1 post tagged “benign neglect”
Not the punk band, either.
I sent M off to summer camp today with the carpool, which is graciously covering my carless ass for today and tomorrow to ensure M gets there and back without trouble. It's a day camp, so it's not like I'm sending him off to the wilderness for a week straight, but I am still feeling all verklempt about my baby, because this is the first camp he's gone to that has a lot of kids who are significantly older than he is. We have had several "talks" about this...about what to do when someone asks him to do something he thinks is wrong...you know...reminding him that his instincts about right and wrong are generally very good, and that he can always talk to me if he has questions about stuff people tell him.
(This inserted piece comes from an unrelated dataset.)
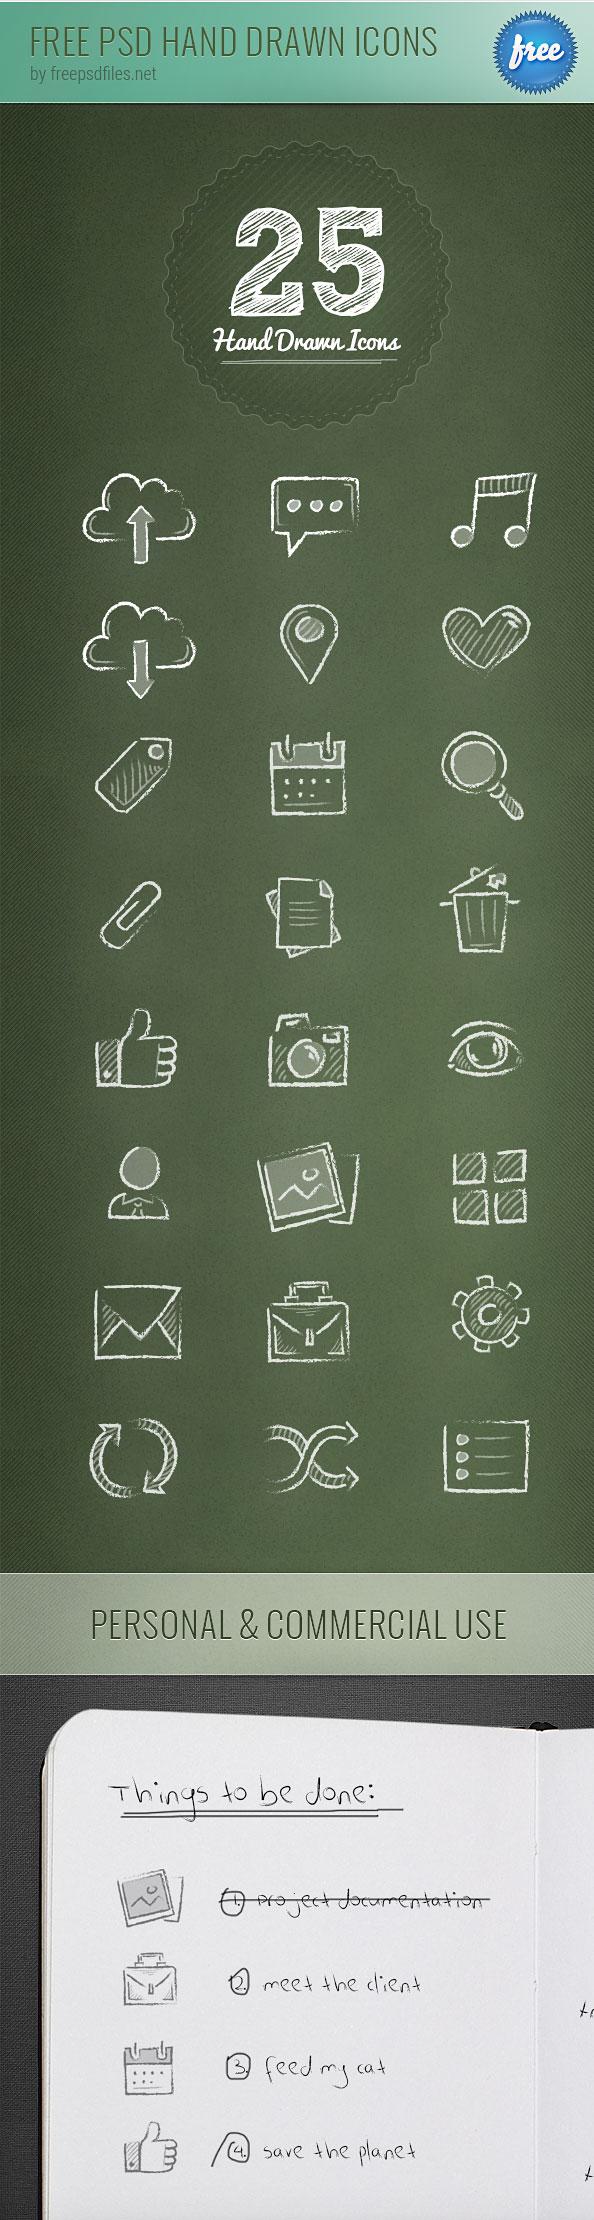 Нарисованные от руки бесплатные иконки в формате PSD

At any rate, he had to be up at an ungodly early hour this morning to wait for his carpool, and I woke up with him (ish). He was so excited. I just wanted to go back to sleep. I kept flashing back to swim meet mornings when I was M's age, where I would get myself out of bed, get ready, pack a box of Jello (the sugar crystals were like some sort of faux performance drug for swimmers when I was growing up) and dread the shock of jumping into cold water and the stress of racing anxiety.
I keep wondering if it's normal that, at the age of 8, 9, 10...I don't know when it began, but really young...I was getting myself up and getting myself to either the pool or the friend's house for my ride. I don't remember my mom driving me, nor do I remember her attending any of my meets except maybe the City Meet where I got 4th in the 100-yard breaststroke and my mom brought me a big wad of bubblegum that was shaped like a hamburger (it was so cute, I refused to chew it!) It's one of those things, though...where I just can't look to my own life as a guide for what is normal or right or good in terms of parenting. I just kind of have to make shit up as I go along. And it didn't feel normal or right or good to make M wait outside for his ride alone, so I woke up with him and waiting, sleepily, lying on the couch.
Then again, as soon as he left, I went back to sleep & when I woke up, I found C in front of the television eating some toaster waffles he had prepared on his own. I was amazed that he didn't even try to wake me. Then I left the room and came back 15 minutes later and he had already started on his morning art project without asking for my assistance.
It seems like there is a line between benign neglect and actual neglect, and I am spending my entire life as a mother trying to find that line. I like the idea of my children being self-sufficient and resourceful and not necessarily needing me to facilitate every activity they undertake. At the same time, I remember feeling awfully lonely and unsupported as a child, and that has had some pretty serious repercussions in my adult life. I want my children to know that I am here for them if they need me, and I also want them to gradually earn the art of self-reliance. Hah.
Wow. I think I just figured out why I have such a difficult time asking for help when I need it...why I struggle with NOT being self-reliant. Perhaps, for some, the hardest lesson to learn is NOT self-reliance, but understanding that it's ok to not be able to do it alone. Perhaps, more than worrying that I'm doing too much or too little, what I need to focus on is giving my children the tools they need to communicate when they need help, and to give them space to figure it out on their own when they don't.